All separated files need to be in PEM format: Server Certificate, Intermediate Certificate and Root CA Certificate. If it isn’t, convert the file with the following command:
openssl x509 -in certFileName.cer -outform PEM -out convertedCertFileName.pem
Finally, we’ve the Private Key, the Certificate issued, the Intermediate Certificate and the Root CA Certificate. All these file contents should be combined to create the PEM file in UNIX format.
GENERATE CERTIFICATE IN PEM FORMAT
The PEM certificate must to be built with the following structure.

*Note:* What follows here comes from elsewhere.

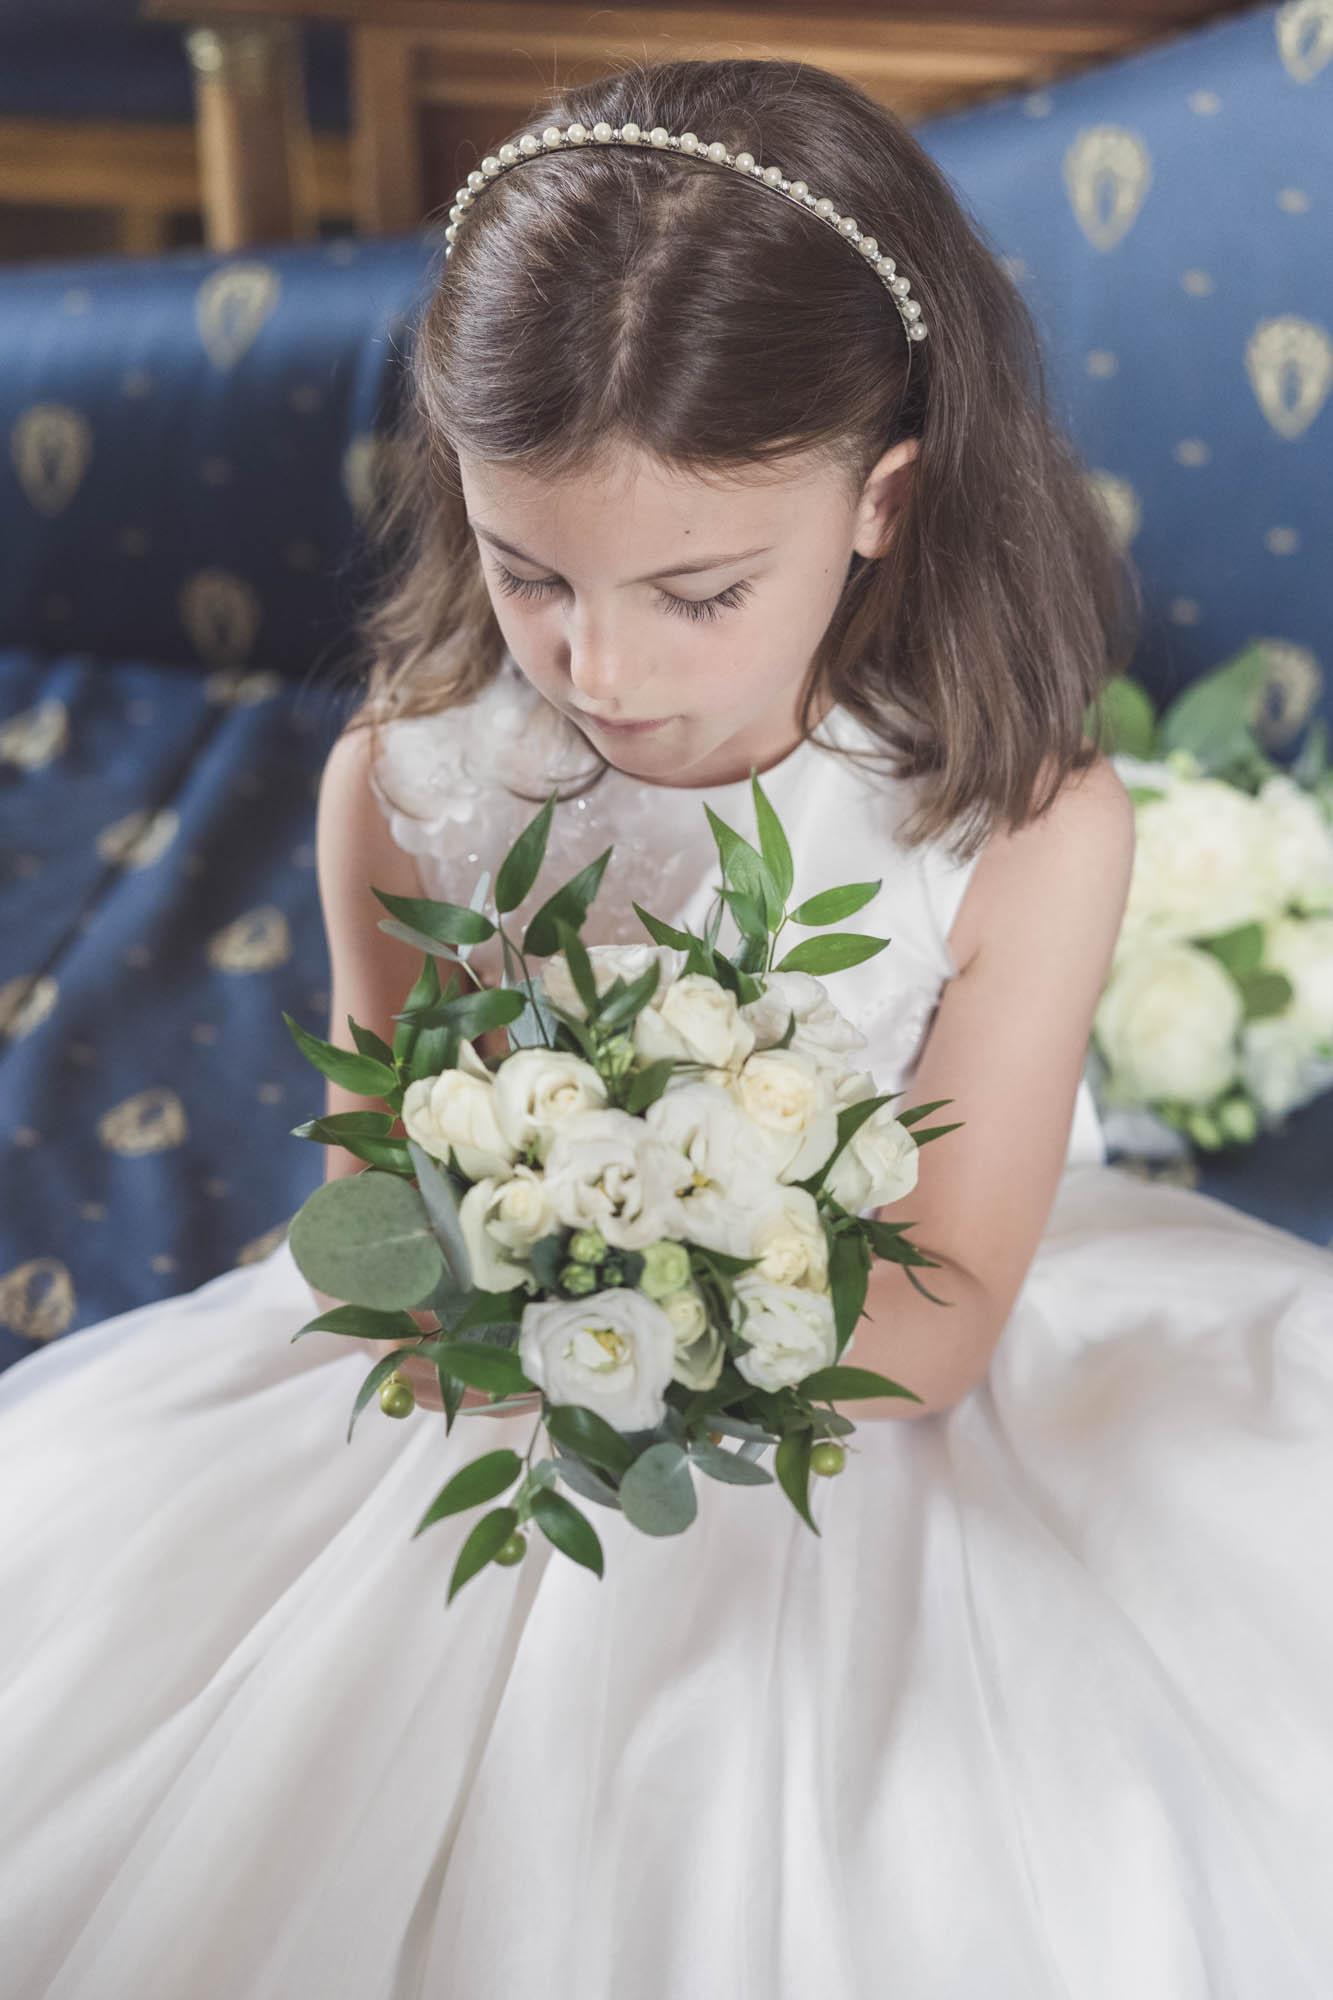 wedding pictures-59.jpg

-----BEGIN RSA PRIVATE KEY----- Private Key (without passphrase) -----END RSA PRIVATE KEY----- -----BEGIN CERTIFICATE----- Certificate (CN=www.mydomain.com) -----END CERTIFICATE----- -----BEGIN CERTIFICATE----- Intermediate (Intermediate CA, if exists) -----END CERTIFICATE----- -----BEGIN CERTIFICATE----- Root (ROOT CA, who signs the Certificate) -----END CERTIFICATE-----
To create a correct PEM structure, it’s needed to concatenate the different file contents generated in the step above with the separations:
-----BEGIN RSA PRIVATE KEY----- uiMTxBQnK9ApC5eq1mrBooECgYB4925pDrTWTbjU8bhb/7BXsjBiesBBVO43pDYL 1AOO5EEikir239UoFm6DQkkO7z4Nd+6Ier9fncpN1p1EZtqPxT64nsUTNow/z1Pp nUVxhqt4DT+4Vp5S7D9FQ+HagbhVInQXKXtT7FNFhpIxpRy512ElSuWvrELiZOwe -----END RSA PRIVATE KEY----- -----BEGIN CERTIFICATE----- wYDVR0fBDwwOjA4oDagNIYyaHR0cDovL3JhcGlkc3NsLWNybC5n ZW90cnVzdC5jb20vY3Jscy9yYXBpZHNzbC5jcmwwHQYDVR0OBBYEFA8nu+rbiNqg DYmhNE0IgXx6XRHiMAwGA1UdEwEB/wQCMAAwSQYIKwYBBQUHAQEEPTA7MDkGCCsG gOYD8kmKOsxLRWeZo6Tn8 -----END CERTIFICATE----- -----BEGIN CERTIFICATE----- EgYDVR0TAQH/BAgwBgEB/wIBADA6BgNVHR8EMzAxMC+gLaArhilodHRwOi8vY3Js Lmdlb3RydXN0LmNvbS9jcmxzL2d0Z2xvYmFsLmNybDA0BggrBgEFBQcBAQQoMCYw JAYIKwYBBQUHMAGGGGh0dHA6Ly9vY3NwLmdlb3RydXN0LmNvbTANBgkqhkiG9w0B -----END CERTIFICATE----- -----BEGIN CERTIFICATE----- MIIDIDCCAomgAwIBAgIENd70zzANBgkqhkiG9w0BAQUFADBOMQswCQYDVQQGEwJV UzEQMA4GA1UEChMHRXF1aWZheDEtMCsGA1UECxMkRXF1aWZheCBTZWN1cmUgQ2Vy dGlmaWNhdGUgQXV0aG9yaXR5MB4XDTk4MDgyMjE2NDE1MVoXDTE4MDgyMjE2NDE1 jOKer89961zgK5F7WF0bnj4JXMJTENAKaSbn+2kmOeUJXRmm/kEd5jhW6Y 7qj/WsjTVbJmcVfewCHrPSqnI0kBBIZCe/zuf6IWUrVnZ9NA2zsmWLIodz2uFHdh 1voqZiegDfqnc1zqcPGUIWVEX/r87yloqaKHee9570+sB3c4 -----END CERTIFICATE-----
It’s mandatory to convert the PEM entire file in UNIX format.
It’s available the certificate named zencert.pem for testing purposes in order to be used with HTTPS profile farms.